「本姫」四冊目 女性二人声劇・20分台本


!読む前の注意点!

今回の本姫は、この一本で基本完結しますが別作品の登場人物が出てきます。もし余裕があれば「退屈な彼女」に目を通していただければ幸いです。前後は特にありませんので、よろしくお願いします。


=登場人物=

・夏海(女)

文武両道を体現したかのような天才。女子高校生。感情の起伏が乏しいく、強引な性格。現在白血病を患っている。中学の時代の作家志望の男子をいまだに気にかけている。余命宣告をされ、最後の自由時間中。(退屈な彼女の彼女側)


・店主(女)

古本屋善生堂(ゼンショウドウ)店主。いつも変わった服装をしている黒髪ポニーテール丸眼鏡の高身長陽気女性。黒のゆったりとしたスカートに白の唐草模様入りワイシャツに下駄を履いた風体している。夏海に対して、決して同情はしない。


以下本文


・夏海

白血病。若い人間、高校、大学生くらいの年齢がなりやすい血液の癌。皮肉な話だ。人間の寿命を決める染色体末端構造であるテロメアの再生を促す酵素、テロメラーゼの異常分泌や、細胞分裂エラーが癌につながるというが、どちらも人間がより生きるための機能だ。
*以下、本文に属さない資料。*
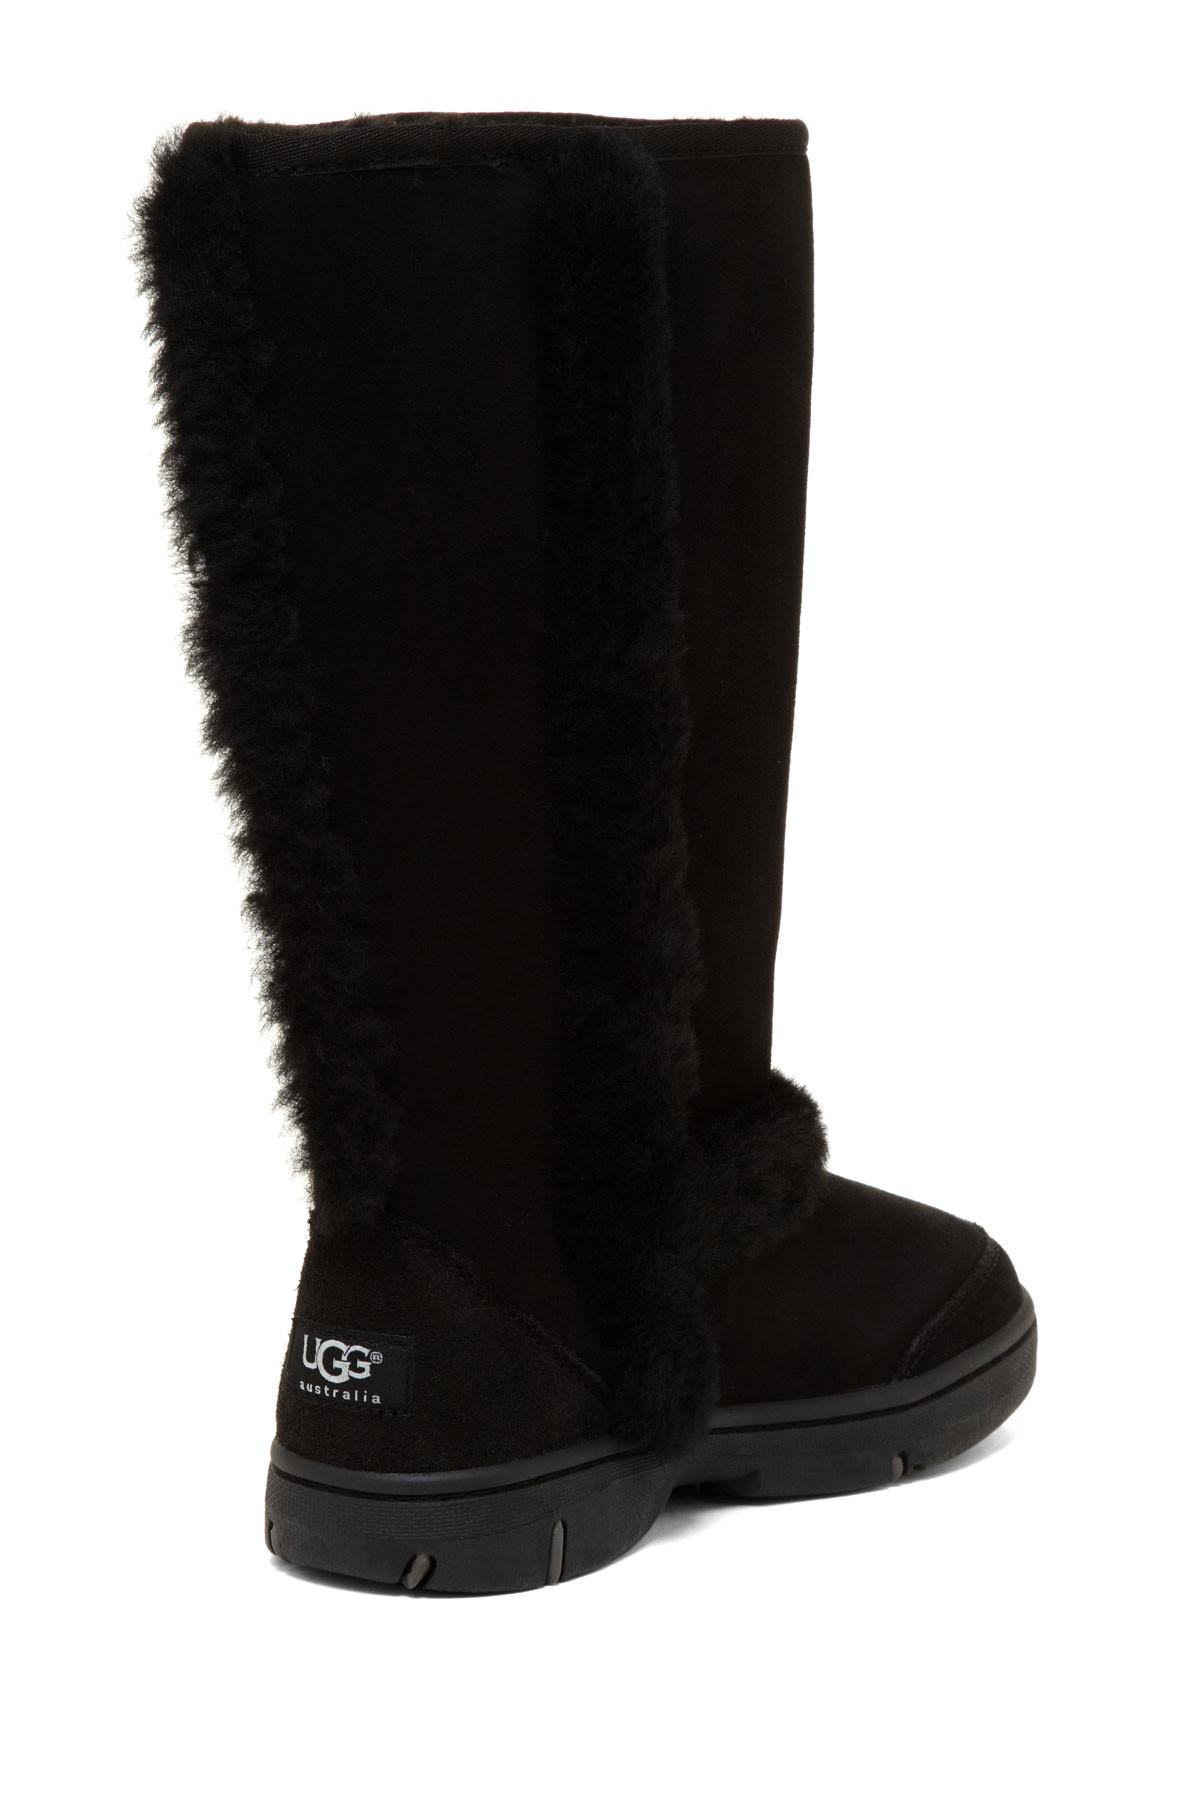 UGG Sunburst Genuine Sheepskin Tall Boot in Black - Lyst
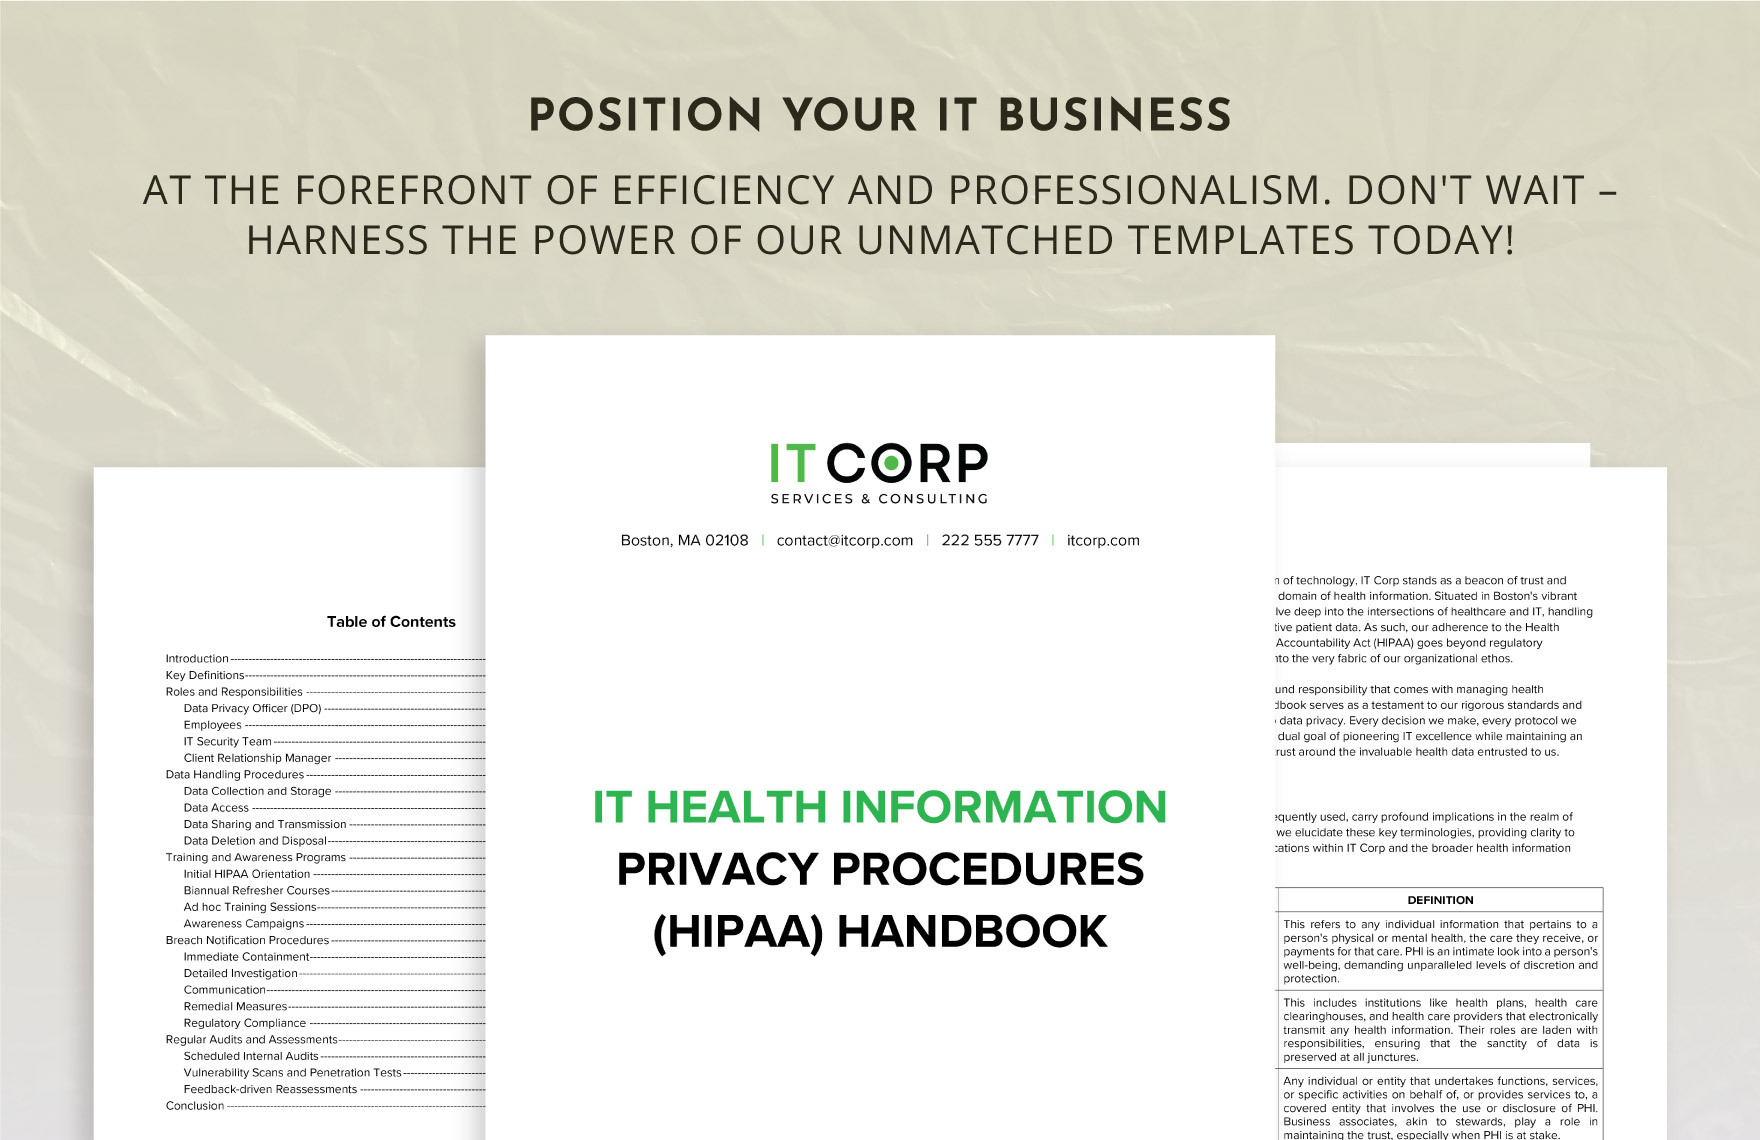 IT Health Information Privacy Procedures (HIPAA) Handbook Template

それが原因で私は死ぬ。これを皮肉と言わずしてなんと言う。そんなことを考え、もう行くこともないであろう高校の教科書を持って、古本屋を探している。夏だというのに弱り切った私の体は体温を保つこともできないのかほのかに寒い。違和感のない程度の長袖を羽織り学校近くの古本屋を目指す。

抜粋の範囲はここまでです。